Exercise brief :: Where the line containing "Ducati Monster Usada en Mendoza, deRuedas" appears, start repeating, and continue exactly through the last line below, adding nothing. Include no pictures.

++++ Available data

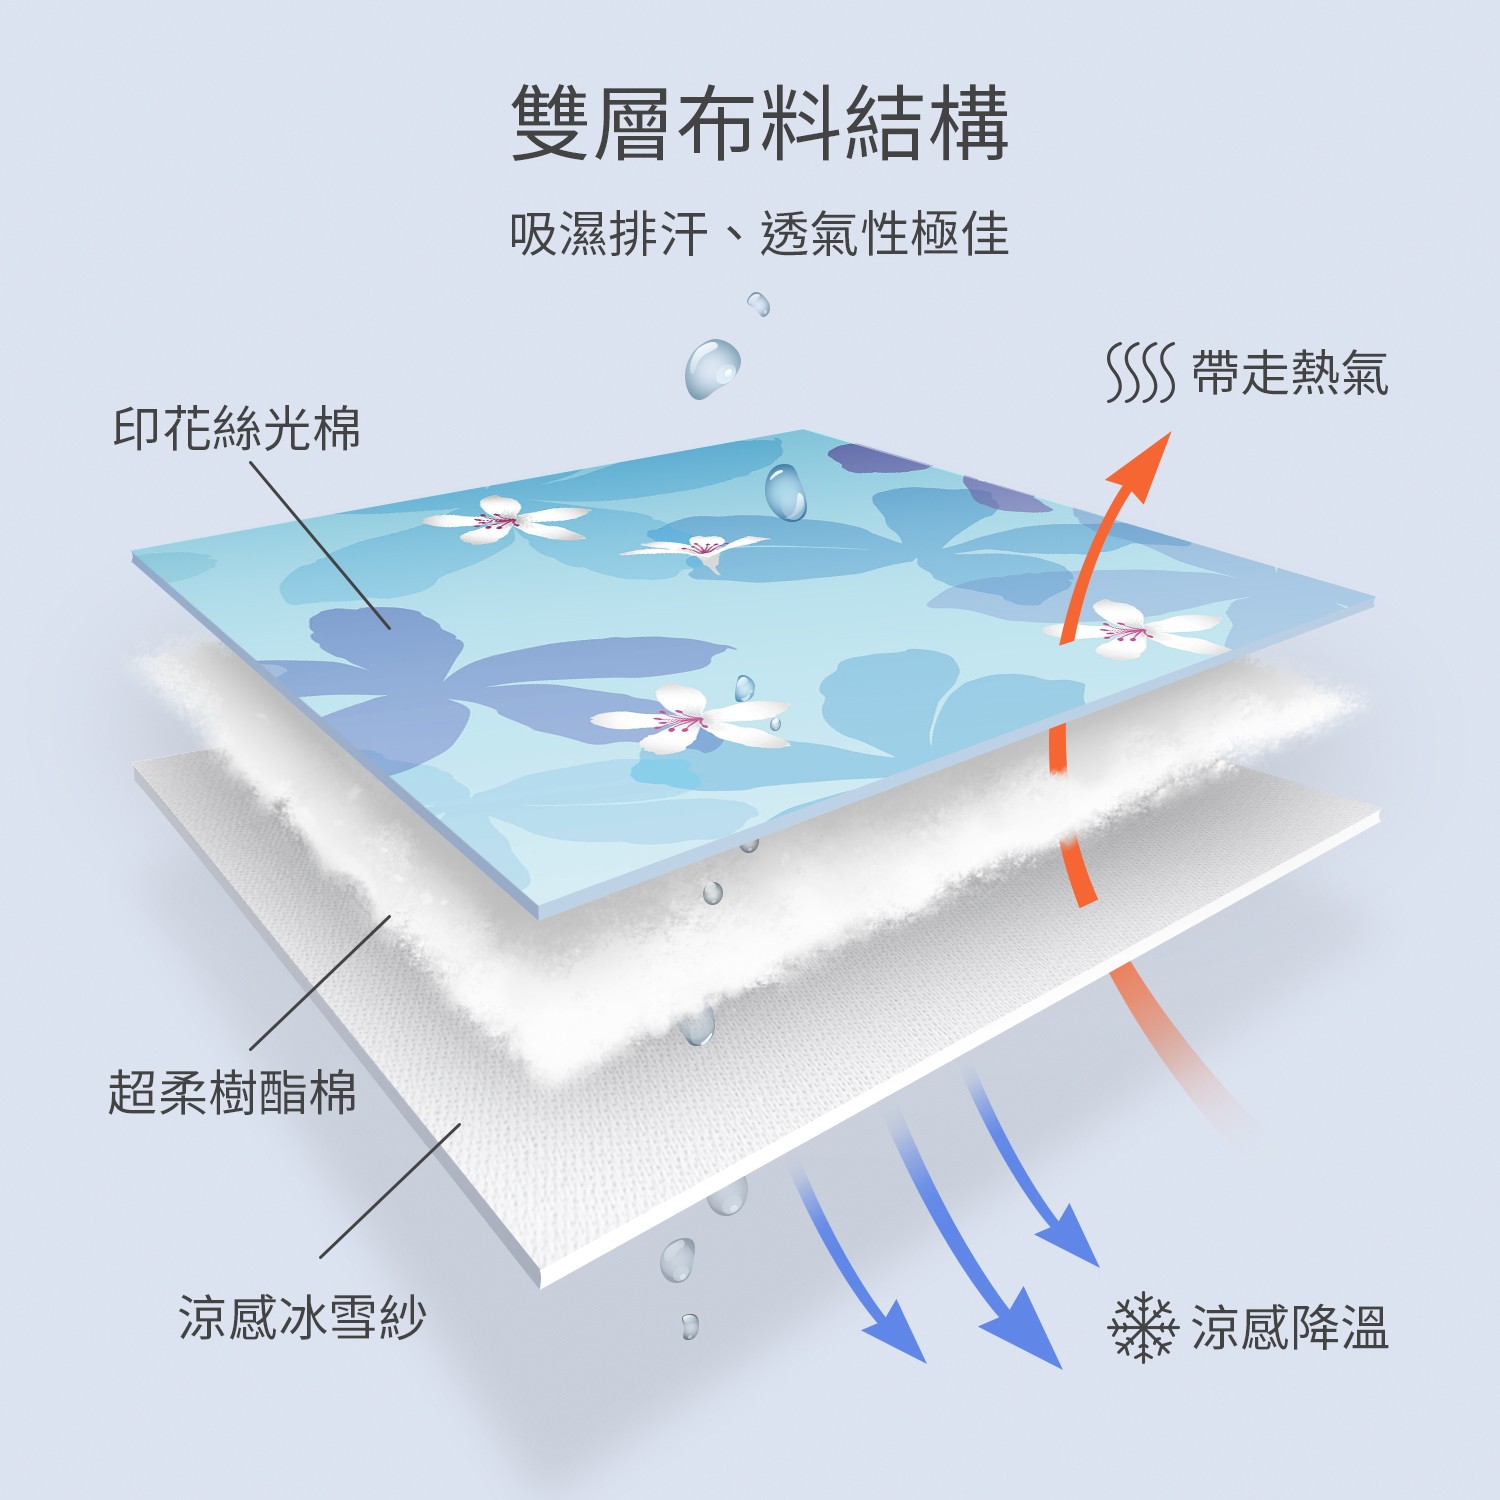 冰雪被使用頂級材料，既有鬆軟度，又能讓您超激涼
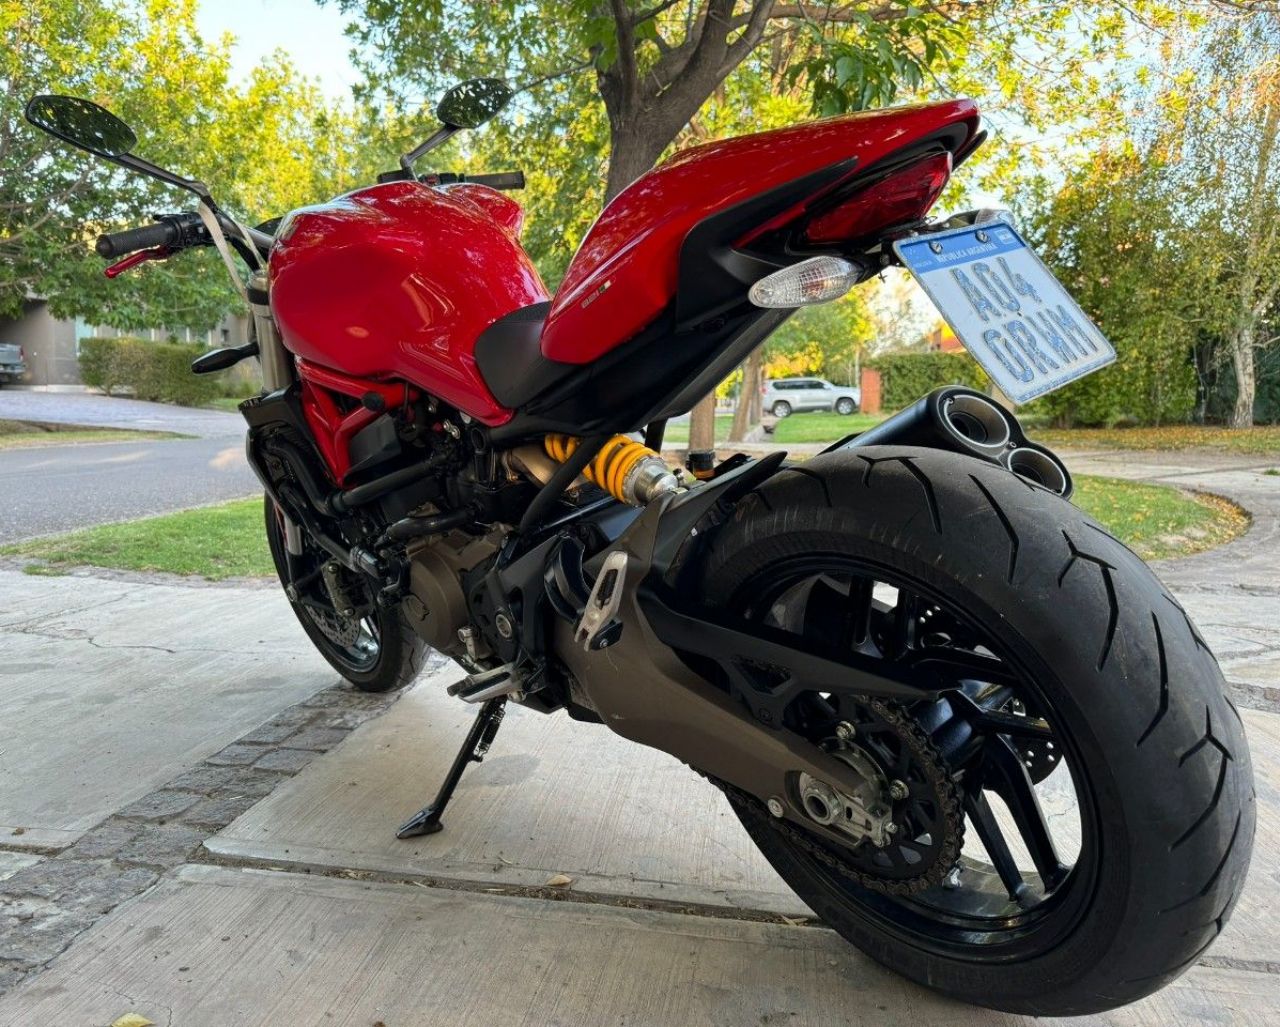 Ducati Monster Usada en Mendoza, deRuedas
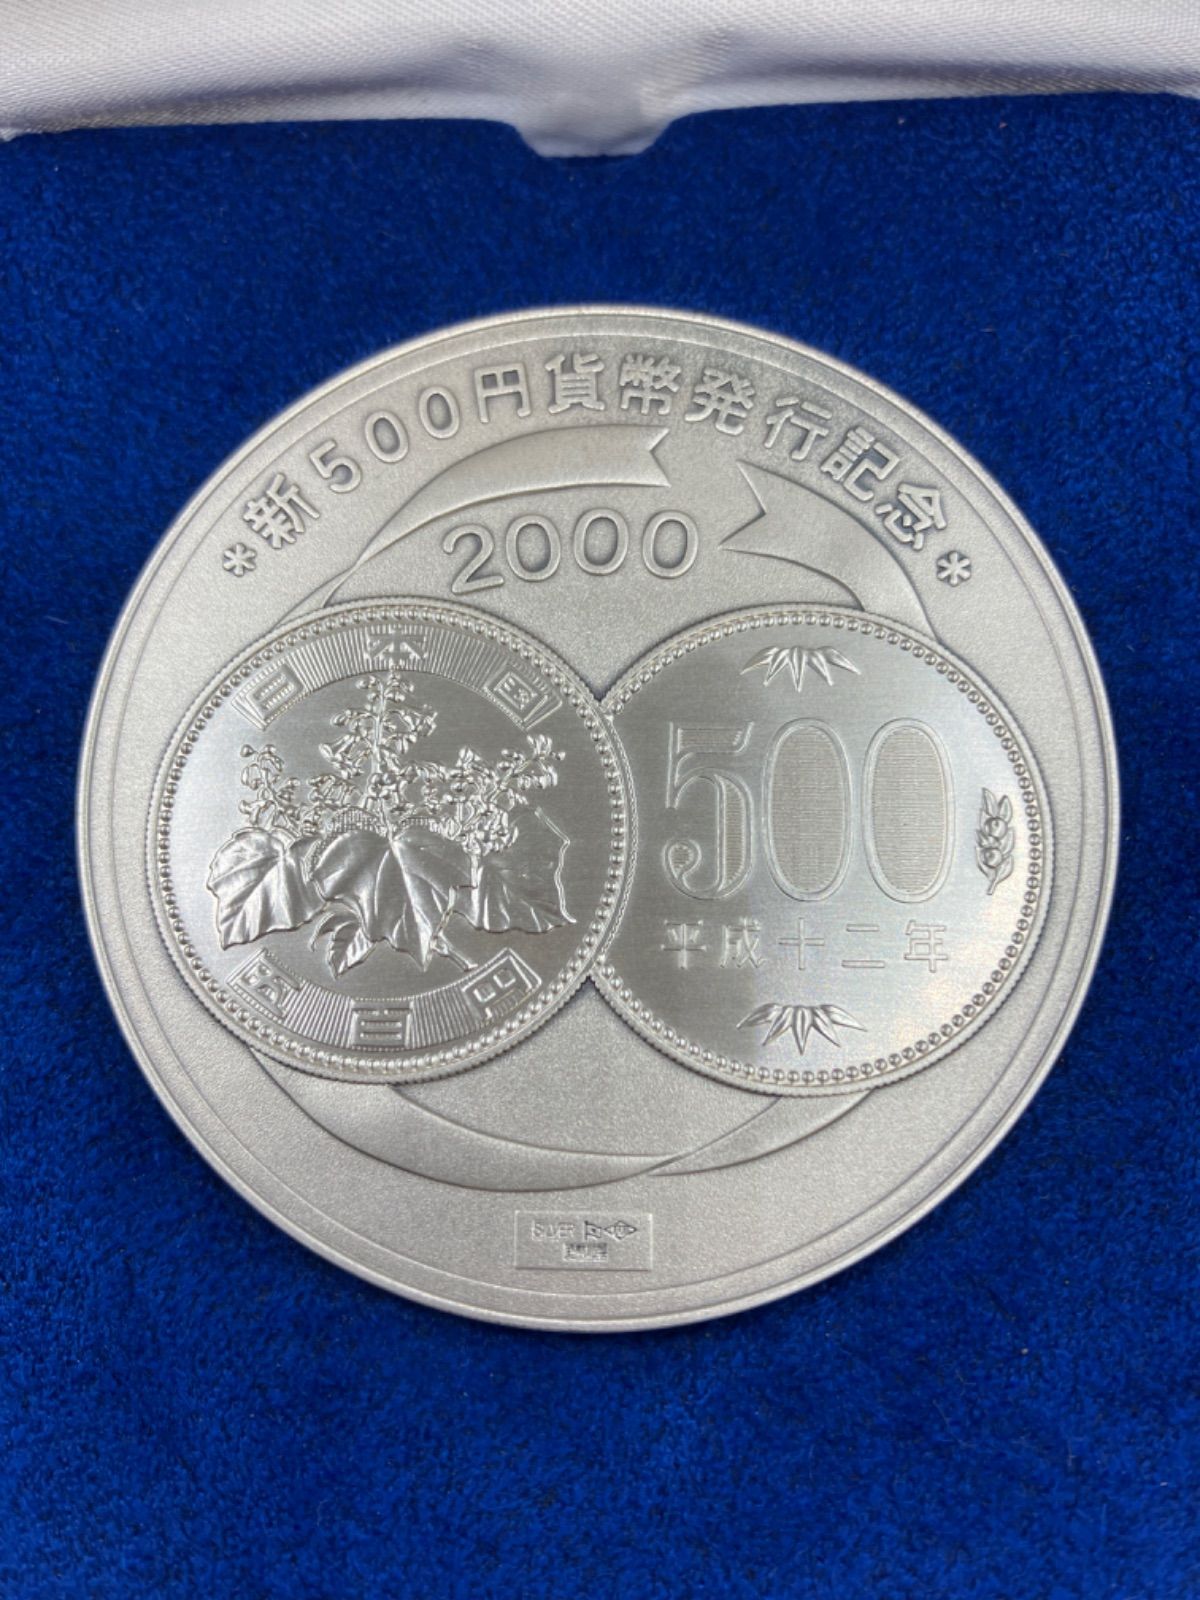 定価販売純銀 メダル 新500円貨幣発行記念 ケース付き 平成12年 造幣局製 134g 2000年 記念メダル シルバー SV1000 その他

++++++++

Response to the exercise ::
 Ducati Monster Usada en Mendoza, deRuedas
 定価販売純銀 メダル 新500円貨幣発行記念 ケース付き 平成12年 造幣局製 134g 2000年 記念メダル シルバー SV1000 その他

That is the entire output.